Helping to shape how online learning will be part of education’s new normal

Before the pandemic, Hughes and her team had already planned to study a few school boards’ tech-forward approach to teaching the new Ontario math curriculum, which, for the first time incorporates coding.

Earlier in the year, with help from Hughes’ team, Erica Lantin, a Grade 4 and 5 teacher at North Star School in Atikokan, Ont., got her class set up on Scratch, a coding story-building program.

“Once the students learned a little bit about what Scratch was all about they wanted to work on it whenever they had any free time,” Lantin says. “They started to make interactive stories where they would code different characters to do different things then orally tell me the story.” There were class “experts” who helped anyone in need, and Lantin saw a lot of students working together.

While they kept some of this up during the school shutdown, Lantin is looking forward to incorporating more online maker opportunities for her students in class this fall.

Equipping teachers with skills to teach students virtually has been vitally important, says Hughes, particularly because not every child will be returning to school: More than 13,000 students in Durham District School Board, one of Ontario’s largest public boards, have indicated they’ll only attend school online.

2020’s defining moments shape how young people express themselves online

Her expertise is in pedagogical approaches — how learning works, specifically how it works with technology — so the pandemic’s propulsion of school into the virtual world has been fascinating for Hughes. It’s also led her to research creative self-expression among students online in the time of COVID, particularly how teens are shaping their identities around the pandemic and Black Lives Matter — “the two defining events of 2020” — on social media.

Hughes’ years of research and the way she nimbly applied it to help leverage digital learning at a moment of crisis also earned her an esteemed place on the International Science Council’s COVID Education Alliance — a group of global experts tasked with mapping out what education will look like around the world in the next 30 years as the pandemic continues to revise how we do business, relate to one another and learn.

While she’ll accept no praise for her swift response to teachers’ professional development crisis when COVID hit, she acknowledges she could’ve just sat this one out.

“But when you’ve been a teacher in the classroom and you understand what the challenges are, you are part of that community and you want to support however you can.”

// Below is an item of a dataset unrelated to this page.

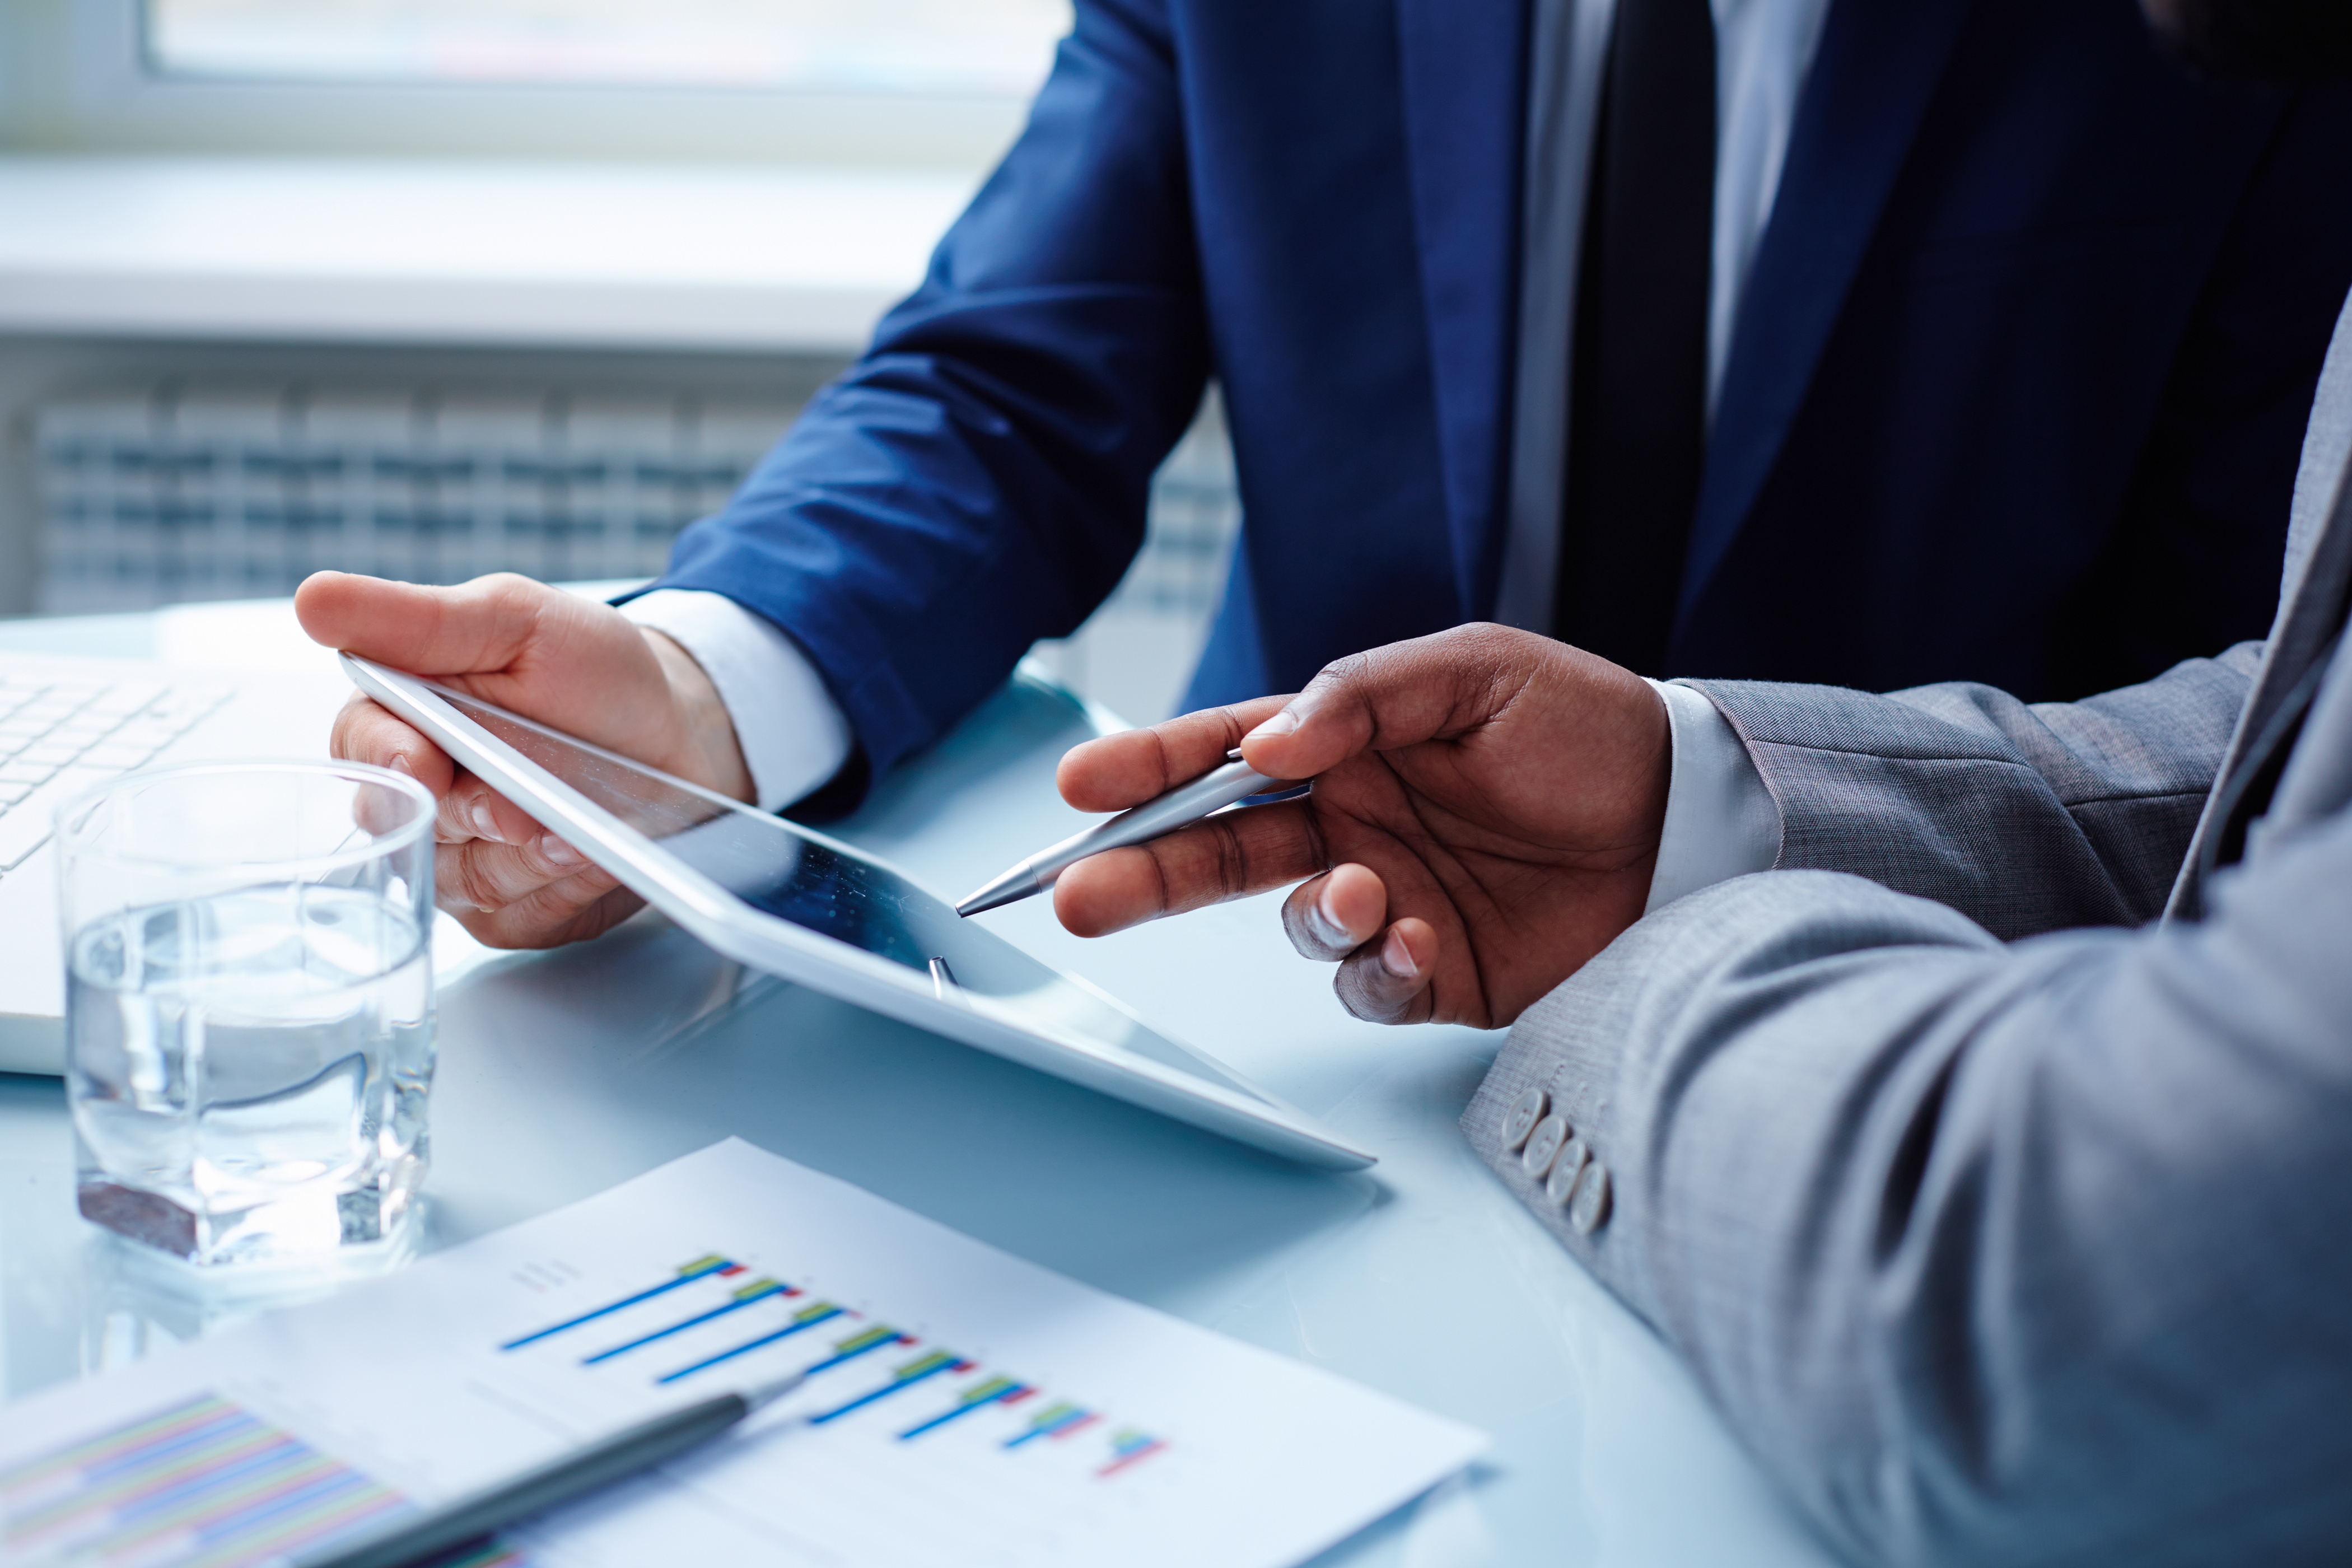 How The Google Antitrust Lawsuit Could Impact Your Business

And like many Ontarians with children in school, she’ll be watching closely to see how the school year unfolds this fall.

“I’m seeing all these images of how the classrooms are set up and it’s horrifying to me,” she says, recounting one photo of a primary class in which the teacher had created a painted cardboard cut-out around each desk, designing them like fire trucks with a shield in front and on both sides. “She’s trying to make it fun. But students are going to be learning in cubicles. This is not the way we learn.”